## WORK INSTRUCTION
Reproduce the entire listing exactly as written, apart from its pictures.

*** INFORMATION SUPPLIED Section Begins ***

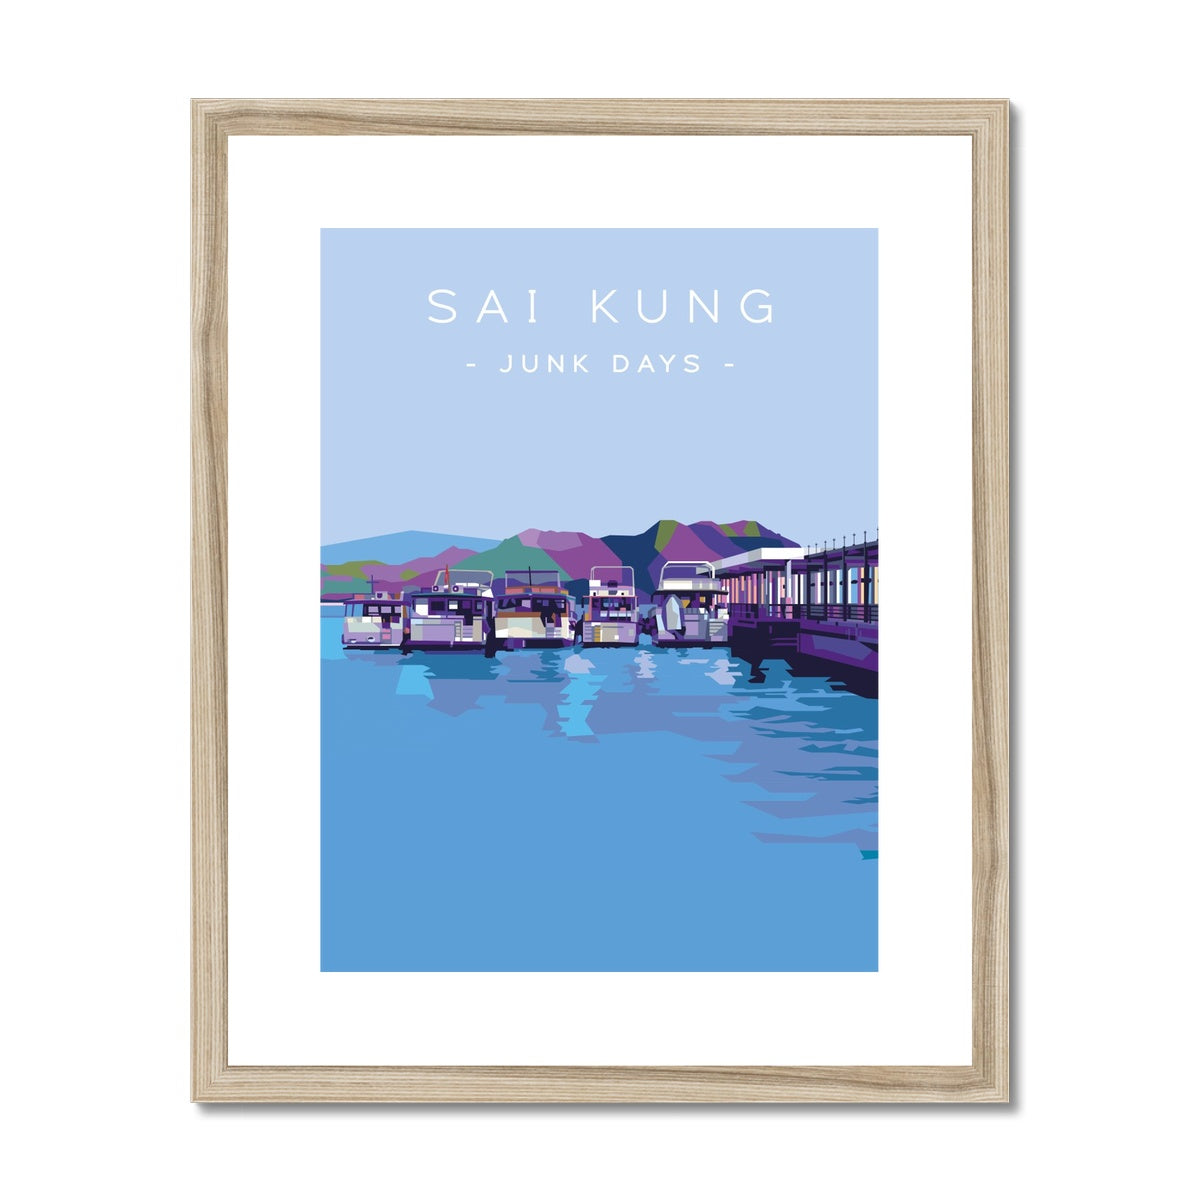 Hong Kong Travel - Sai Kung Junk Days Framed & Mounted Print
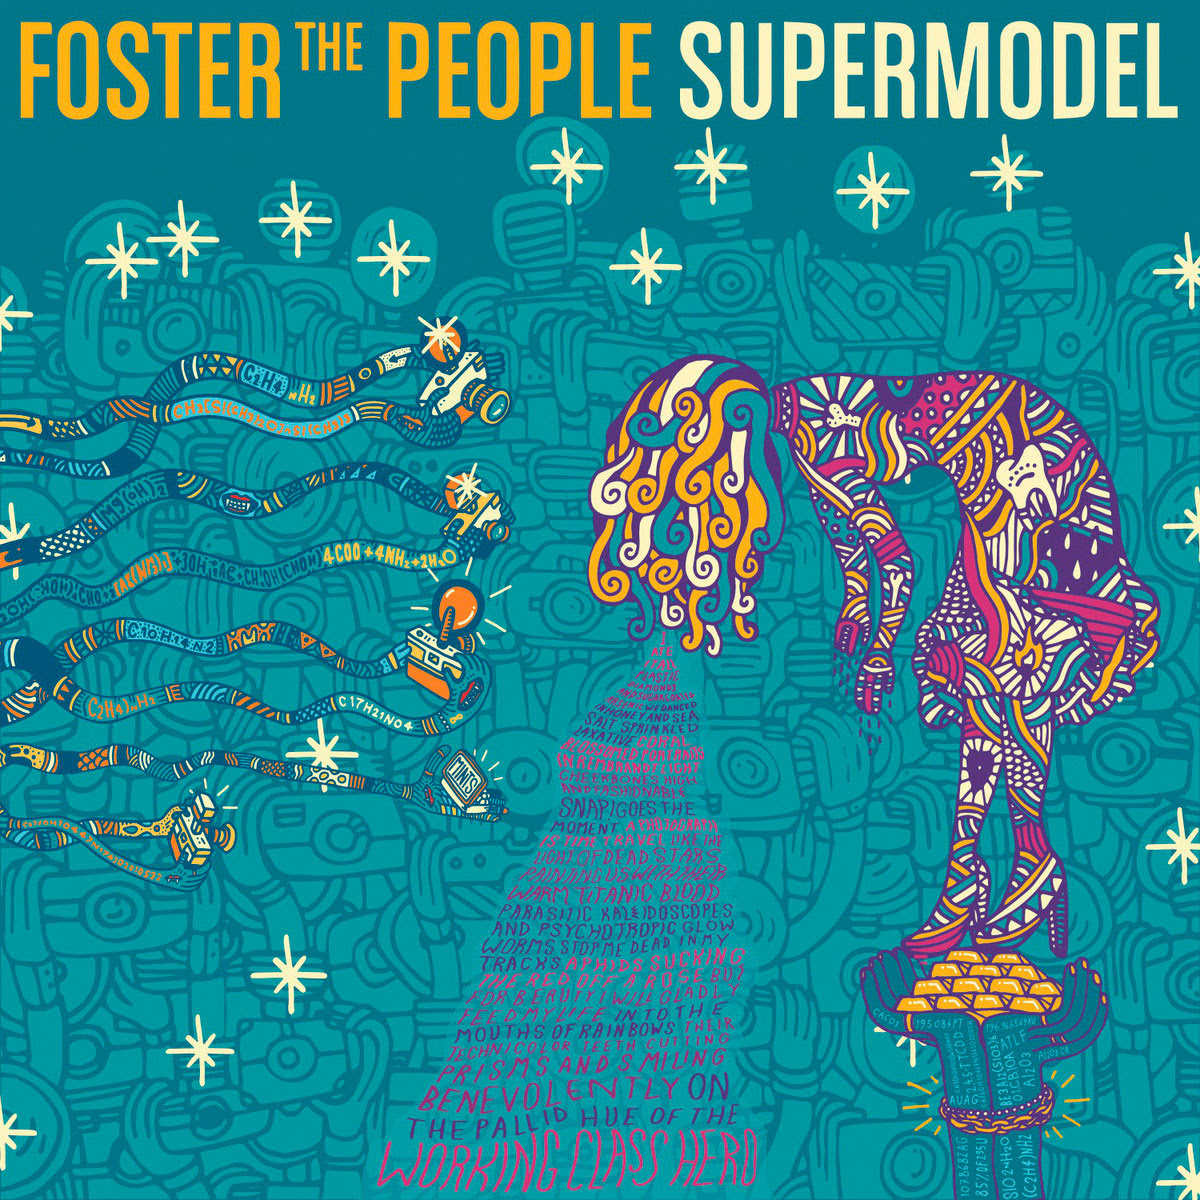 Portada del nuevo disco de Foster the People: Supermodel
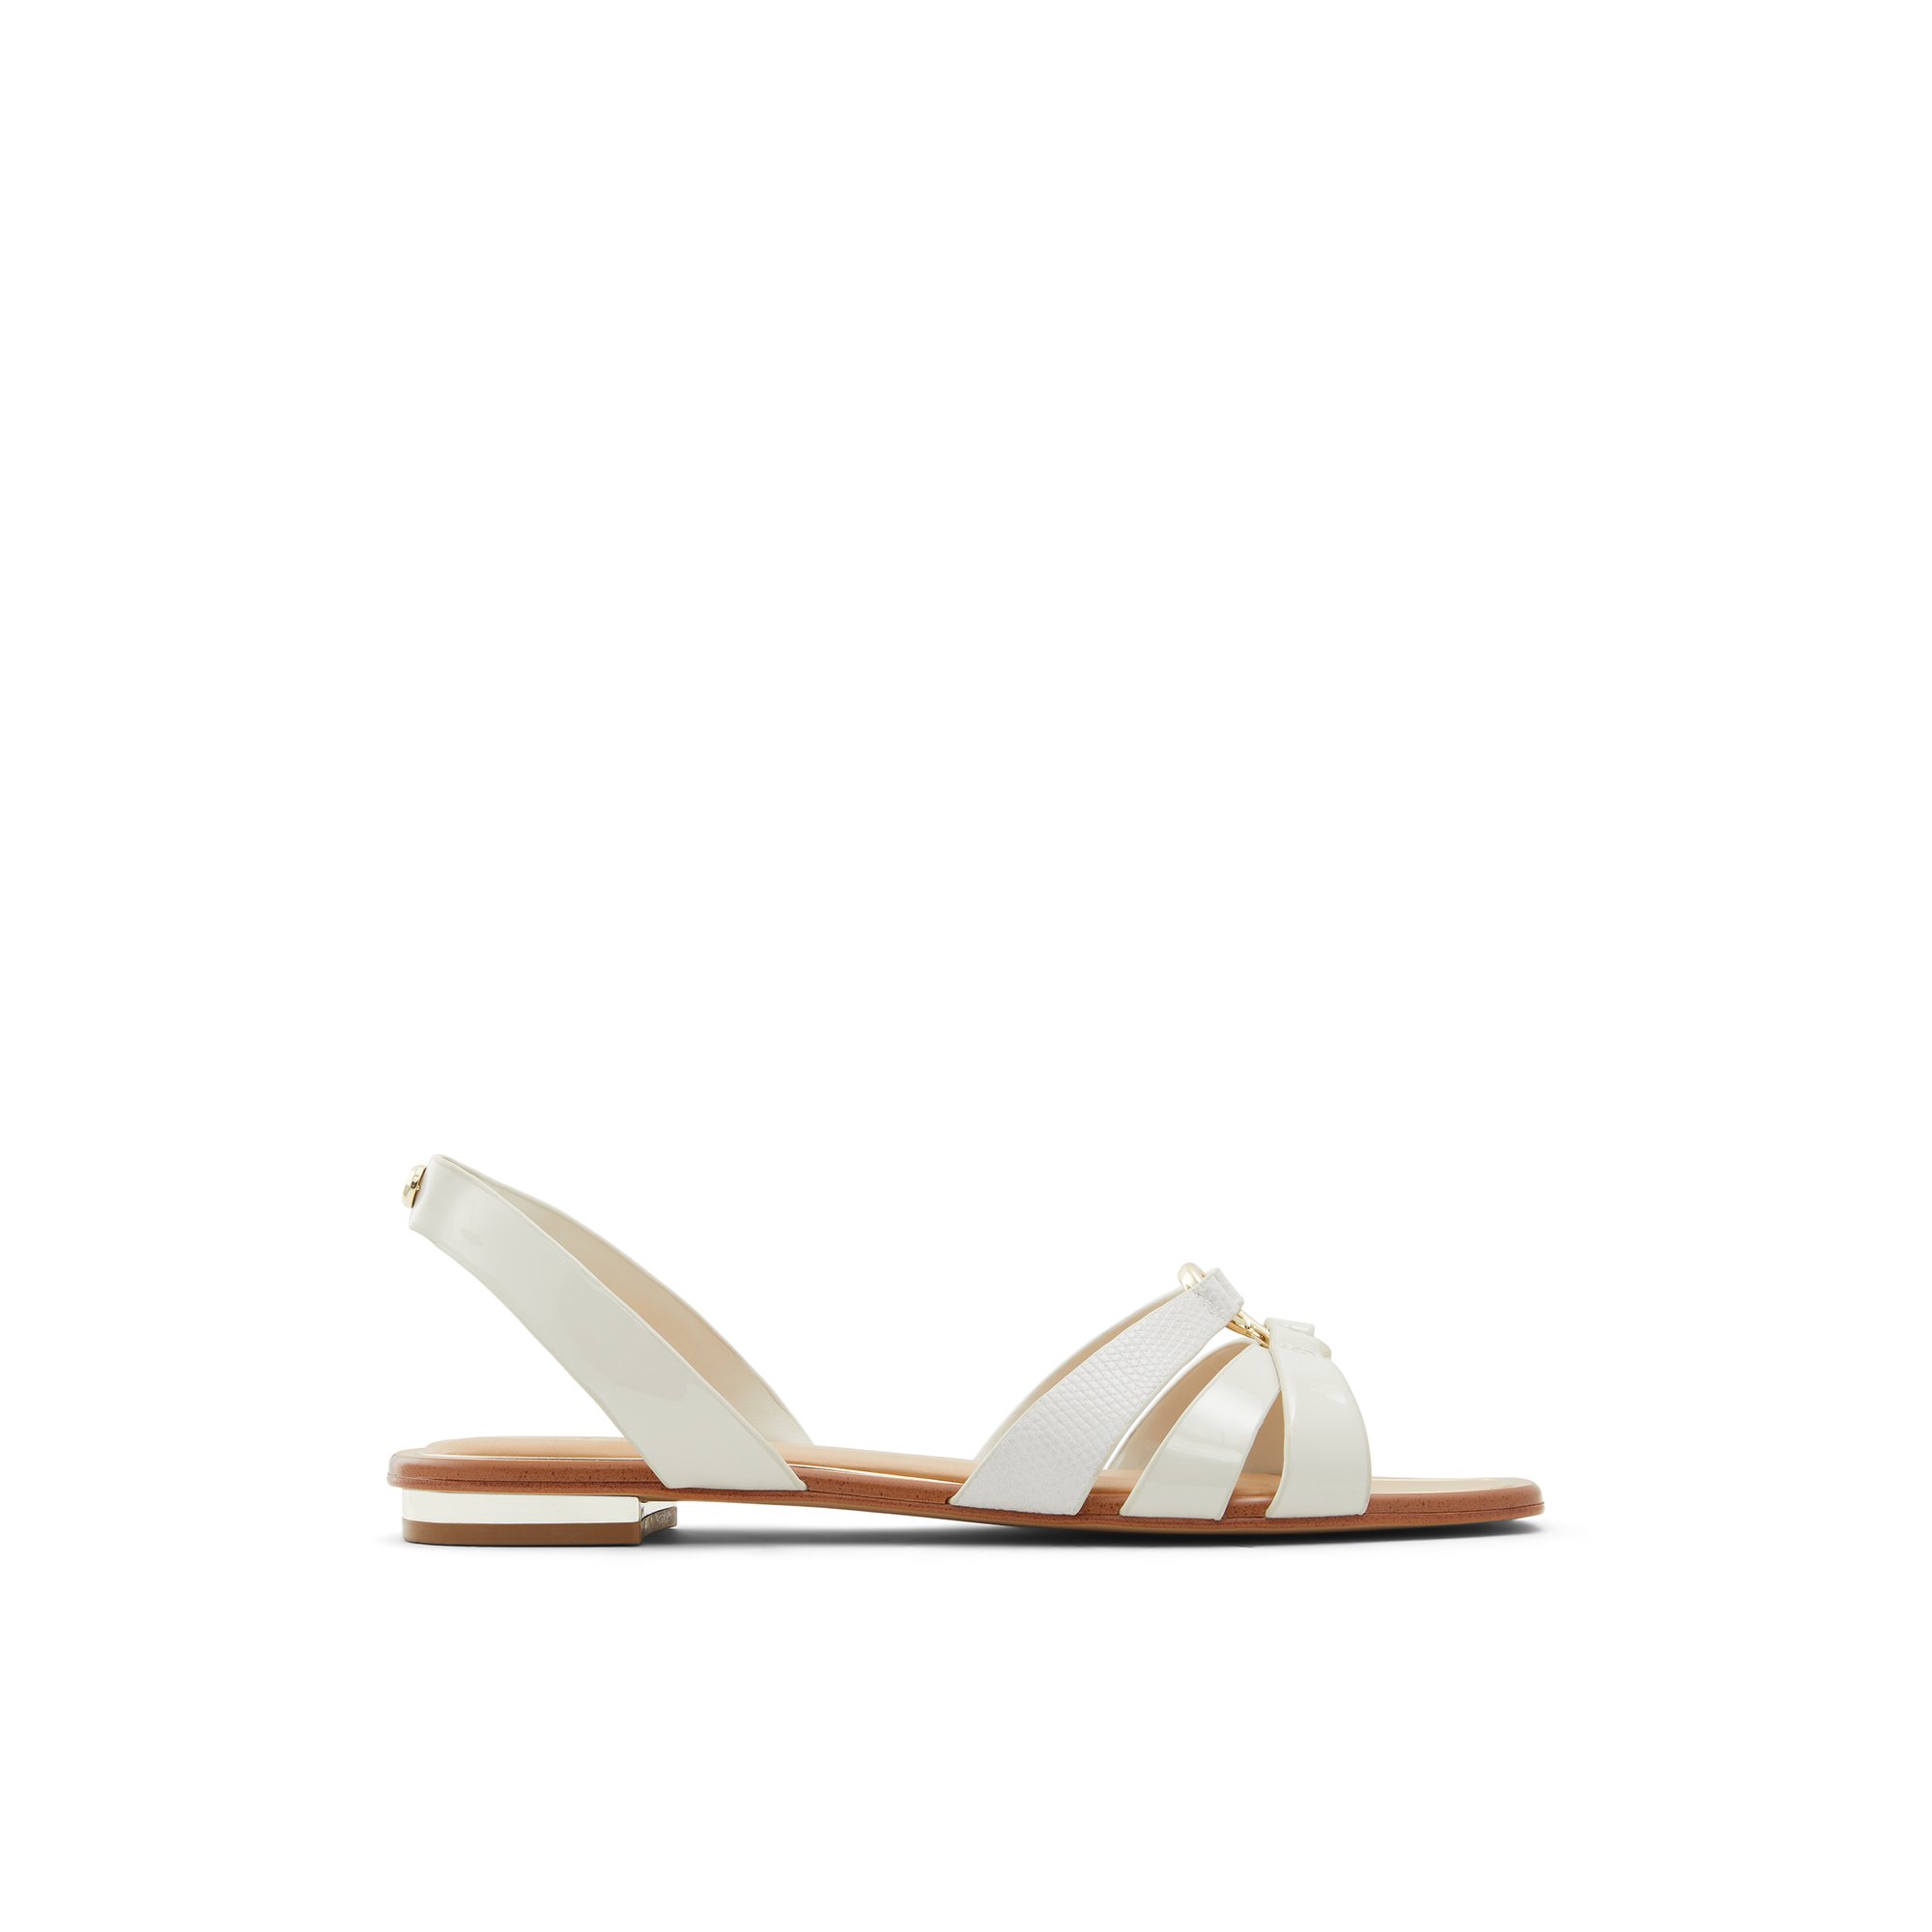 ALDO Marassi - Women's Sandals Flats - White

*** INFORMATION SUPPLIED Section Ends ***

## SOLVED EXERCISE
 Hong Kong Travel - Sai Kung Junk Days Framed & Mounted Print
 Portada del nuevo disco de Foster the People: Supermodel
 ALDO Marassi - Women's Sandals Flats - White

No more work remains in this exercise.